For fiction-lovers, there are new novels from Ben Okri, Edna O'Brien and Michael Frayn, and a collection of stories from Patrick McCabe. Macmillan is publishing what the author Colin Dexter claims is his last Inspector Morse, The Remorseful Day. Jose Saramago, last year's Nobel Prize for Literature winner, sees his latest novel, All The Names, translated by the Harvill Press.

The autumn brings new poetry from Carol Ann Duffy and Anne Michaels, the Orange Prize-winning author of Fugitive Pieces, plus a new volume of collected poems from Craig Raine.

Michael Grade reveals the secrets of his life in television in an autobiography, It Seemed Like A Good Idea At The Time (Macmillan), while P D James's memoirs, Time To Be In Earnest, are published by Faber in November.

Vaclav Havel, the Czech playwright and politician, the actors Michael Caine and Robbie Coltrane, and pop's Mr Miserable, Morrissey, are among the targets for biographers.
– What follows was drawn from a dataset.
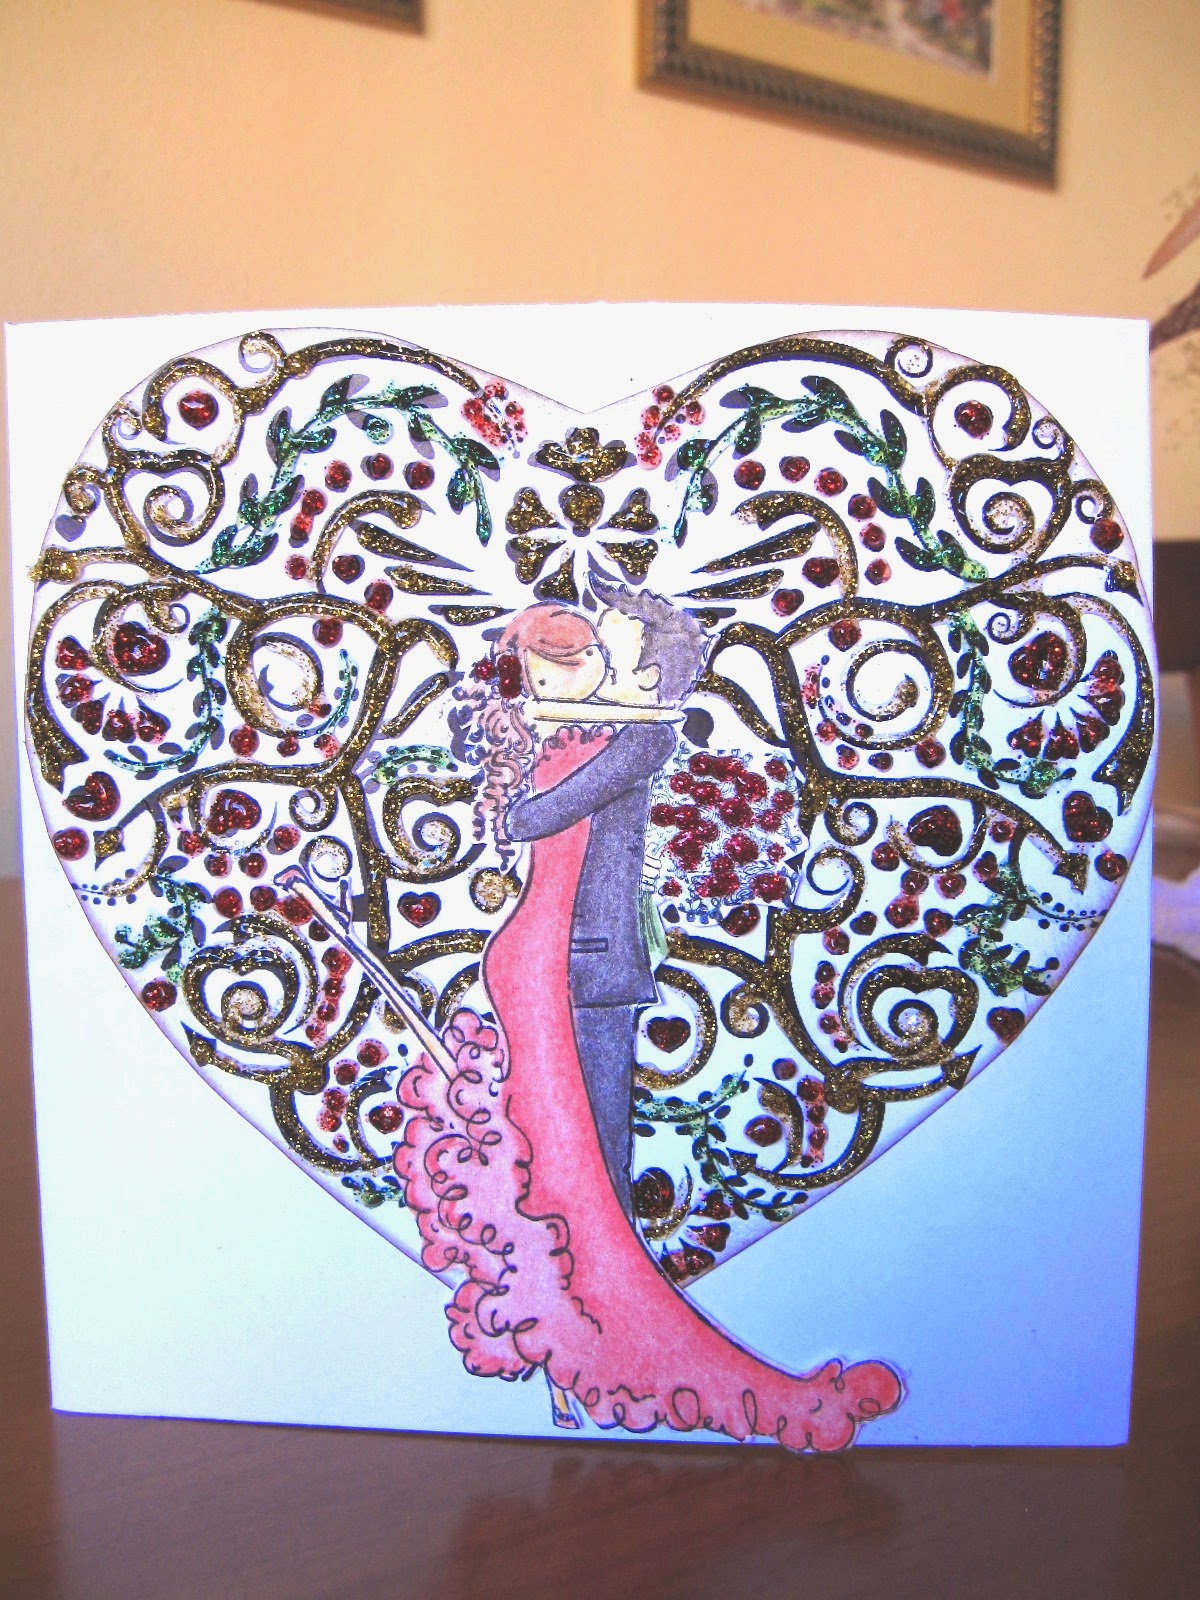  tarjeta de scrapbooking para San Valentín Kiss of Love con una pareja de novios besándose y de fondo un corazón con filigrana resaltada con glitter glue de colores

Fred Kaplan turns the spotlight on the cultural critic and novelist Gore Vidal in an authorised biography which Vidal has waived his right to see before publication. And the writer Frederic Raphael releases his memoir of Stanley Kubrick, the notoriously secretive film director with whom he worked for 30 years. Expect some insights into Eyes Wide Shut, the movie starring Tom Cruise and Nicole Kidman, which Kubrick was fine-tuning when he died earlier this year.

Among publishing's range of the eclectic is the story of the "pop cult city" of Manchester and the tale of the coelacanth, a 400-million-year- old living fossil. Peter Chapman, a journalist and former goalkeeper for Leyton Orient juniors, tells The Goalkeeper's History of Britain (Fourth Estate). Meanwhile, Stephen Glover, the media commentator and former editor of The Independent on Sunday, reveals Secrets of the Press (Penguin). Not too many, we hope.